Subject: Re: 2.5 kernel + hostap_cs + X11 = scheduling while atomic

On Thu, Feb 06, 2003 at 09:27:59AM -0800, Jean Tourrilhes wrote:
> On Wed, Feb 05, 2003 at 09:28:49PM -0800, Jouni Malinen wrote:
> > On Tue, Feb 04, 2003 at 11:36:37PM -0800, Joshua Kwan wrote:
> >
> > > However, a combination of running said kernel, hostap_cs, and X11 produces
> > > this nasty infinite string of errors:
> > >
> > > bad: scheduling while atomic!
> > > Call Trace:
> >
> > > [<d2948a30>] hfa384x_get_rid+0x36/0x2d6b7606 [hostap_cs]
> >
> > That will sleep, so it better not be called while in interrupt context
> > or apparently also, while atomic with preemptive kernels(?).
> >
> > > [<d29388b5>] hostap_get_wireless_stats+0xa6/0x2d6c77f1 [hostap]
> >
> > That's the dev->get_wireless_stats handler. I have assumed that it is
> > allowed to sleep there, but apparently that is not the case with Linux
> > 2.5.x (at least with CONFIG_PREEMPT). I added a workaround for this into
> > Host AP CVS, but you will not get signal quality statistics in that
> > case. I'll do a proper fix if that function is indeed not allowed to
> > sleep (e.g., by collecting the statistics before and just copying the
> > values here).
> >
> > Jean, do you have a comment on this? This happens, e.g., when executing
> > 'cat /proc/net/wireless':
> >
> > > [<c0168f45>] seq_printf+0x45/0x56
> > > [<c02bd9b6>] wireless_seq_show+0xd6/0xf7
> > > [<c0141dd5>] do_mmap_pgoff+0x40e/0x6dc
> > > [<c0168a56>] seq_read+0x1c9/0x2ee
> > > [<c014d20f>] vfs_read+0xbc/0x127
> > > [<c014d496>] sys_read+0x3e/0x55
> > > [<c01093cb>] syscall_call+0x7/0xb
>
> I had an argument with David a few month ago on the subject
> (you can ask him how it ended). I believe that it's not a good
> practice to "schedule" in any of the ioctl, and that seem to also
> apply to get_wireless_stats. On the other hand, you can perfectly take
> a spinlock, disable irq and do your job.

Yes, this is because most of the device ioctl() calls are made with
one or more spinlocks held by the network layer.

--
David Gibson | For every complex problem there is a
[email protected] | solution which is simple, neat and
| wrong.
http://www.ozlabs.org/people/dgibson

2003-02-07 01:30:36

by Jean Tourrilhes

[permalink] [raw]

Subject: Re: 2.5 kernel + hostap_cs + X11 = scheduling while atomic

On Fri, Feb 07, 2003 at 11:07:33AM +1100, David Gibson wrote:
> >
> > I had an argument with David a few month ago on the subject
> > (you can ask him how it ended).

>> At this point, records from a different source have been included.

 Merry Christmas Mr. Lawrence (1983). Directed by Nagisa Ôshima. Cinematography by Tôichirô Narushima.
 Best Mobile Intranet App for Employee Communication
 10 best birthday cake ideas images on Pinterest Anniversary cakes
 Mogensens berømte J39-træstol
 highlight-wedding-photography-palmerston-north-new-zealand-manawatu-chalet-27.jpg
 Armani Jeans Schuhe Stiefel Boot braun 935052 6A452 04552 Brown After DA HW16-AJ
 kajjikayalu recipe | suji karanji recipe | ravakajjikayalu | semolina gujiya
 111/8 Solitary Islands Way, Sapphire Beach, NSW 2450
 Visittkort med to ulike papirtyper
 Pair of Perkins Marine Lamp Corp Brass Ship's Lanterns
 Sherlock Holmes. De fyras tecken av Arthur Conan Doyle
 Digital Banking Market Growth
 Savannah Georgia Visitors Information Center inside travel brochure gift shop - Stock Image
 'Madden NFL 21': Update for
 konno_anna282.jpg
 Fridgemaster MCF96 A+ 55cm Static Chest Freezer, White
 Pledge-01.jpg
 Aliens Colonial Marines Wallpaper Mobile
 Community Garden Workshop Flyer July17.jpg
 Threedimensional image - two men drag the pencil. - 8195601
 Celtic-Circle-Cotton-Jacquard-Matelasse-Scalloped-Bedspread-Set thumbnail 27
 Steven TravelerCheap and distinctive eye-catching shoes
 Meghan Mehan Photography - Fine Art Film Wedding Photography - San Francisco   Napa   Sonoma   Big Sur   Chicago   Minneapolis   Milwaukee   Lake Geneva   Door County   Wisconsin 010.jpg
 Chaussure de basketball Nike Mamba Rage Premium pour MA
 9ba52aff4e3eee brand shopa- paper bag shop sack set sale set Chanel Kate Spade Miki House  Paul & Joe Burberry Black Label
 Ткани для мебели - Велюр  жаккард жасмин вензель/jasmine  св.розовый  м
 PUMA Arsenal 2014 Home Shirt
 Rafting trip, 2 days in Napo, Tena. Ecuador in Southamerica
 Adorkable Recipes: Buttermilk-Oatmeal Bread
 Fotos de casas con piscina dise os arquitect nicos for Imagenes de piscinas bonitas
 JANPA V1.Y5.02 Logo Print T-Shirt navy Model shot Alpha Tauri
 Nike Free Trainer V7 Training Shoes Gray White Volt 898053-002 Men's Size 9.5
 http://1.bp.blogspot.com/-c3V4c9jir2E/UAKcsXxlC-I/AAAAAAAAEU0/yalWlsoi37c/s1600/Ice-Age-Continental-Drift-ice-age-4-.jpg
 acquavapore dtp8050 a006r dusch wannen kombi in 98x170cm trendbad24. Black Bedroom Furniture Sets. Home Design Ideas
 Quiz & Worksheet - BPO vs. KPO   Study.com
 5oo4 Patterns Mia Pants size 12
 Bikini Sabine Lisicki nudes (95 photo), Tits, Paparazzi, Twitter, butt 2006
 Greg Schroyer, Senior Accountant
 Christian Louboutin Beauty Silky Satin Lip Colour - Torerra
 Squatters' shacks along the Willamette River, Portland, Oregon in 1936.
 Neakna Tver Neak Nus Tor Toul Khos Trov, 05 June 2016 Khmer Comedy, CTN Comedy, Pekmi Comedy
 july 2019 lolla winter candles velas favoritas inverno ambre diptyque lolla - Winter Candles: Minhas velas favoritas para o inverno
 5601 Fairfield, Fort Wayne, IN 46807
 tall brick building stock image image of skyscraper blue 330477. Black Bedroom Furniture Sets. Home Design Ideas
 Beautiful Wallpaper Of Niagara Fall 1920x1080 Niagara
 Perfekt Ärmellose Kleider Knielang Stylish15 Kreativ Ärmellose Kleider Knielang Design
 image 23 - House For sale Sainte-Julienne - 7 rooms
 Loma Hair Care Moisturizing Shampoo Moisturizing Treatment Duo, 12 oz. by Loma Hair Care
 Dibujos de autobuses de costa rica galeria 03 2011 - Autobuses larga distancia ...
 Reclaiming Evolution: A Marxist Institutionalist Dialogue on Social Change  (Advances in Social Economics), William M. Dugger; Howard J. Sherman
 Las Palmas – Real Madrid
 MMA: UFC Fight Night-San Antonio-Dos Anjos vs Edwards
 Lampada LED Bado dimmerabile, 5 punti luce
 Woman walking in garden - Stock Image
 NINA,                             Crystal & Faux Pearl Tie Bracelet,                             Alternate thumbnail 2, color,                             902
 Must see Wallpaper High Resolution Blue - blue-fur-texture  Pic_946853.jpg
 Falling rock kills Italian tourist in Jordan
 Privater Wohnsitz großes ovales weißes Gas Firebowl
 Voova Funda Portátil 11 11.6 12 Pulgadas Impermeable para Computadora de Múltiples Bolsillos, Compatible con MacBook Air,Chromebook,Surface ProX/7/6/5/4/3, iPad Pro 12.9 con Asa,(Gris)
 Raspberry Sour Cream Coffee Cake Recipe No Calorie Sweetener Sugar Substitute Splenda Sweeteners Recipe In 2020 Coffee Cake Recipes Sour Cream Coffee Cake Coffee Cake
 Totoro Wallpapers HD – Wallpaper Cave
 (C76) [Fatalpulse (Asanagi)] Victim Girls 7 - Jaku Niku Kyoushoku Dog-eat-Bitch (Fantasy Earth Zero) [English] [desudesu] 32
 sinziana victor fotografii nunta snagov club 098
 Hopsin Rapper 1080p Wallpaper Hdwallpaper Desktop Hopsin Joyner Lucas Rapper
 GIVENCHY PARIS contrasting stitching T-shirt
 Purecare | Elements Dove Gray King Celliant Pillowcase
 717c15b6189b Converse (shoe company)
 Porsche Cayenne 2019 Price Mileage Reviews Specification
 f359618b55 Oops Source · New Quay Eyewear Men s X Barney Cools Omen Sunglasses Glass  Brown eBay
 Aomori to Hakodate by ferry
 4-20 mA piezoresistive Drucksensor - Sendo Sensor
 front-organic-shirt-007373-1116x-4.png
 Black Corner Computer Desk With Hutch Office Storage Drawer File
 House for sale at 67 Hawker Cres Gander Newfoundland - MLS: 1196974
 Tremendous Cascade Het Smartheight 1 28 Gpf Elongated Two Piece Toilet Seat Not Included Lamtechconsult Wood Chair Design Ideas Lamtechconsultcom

I believe that it's not a good
> > practice to "schedule" in any of the ioctl, and that seem to also
> > apply to get_wireless_stats. On the other hand, you can perfectly take
> > a spinlock, disable irq and do your job.
>
> Yes, this is because most of the device ioctl() calls are made with
> one or more spinlocks held by the network layer.
>
> --
> David Gibson

Thanks for the clarification, appreciated...

Jean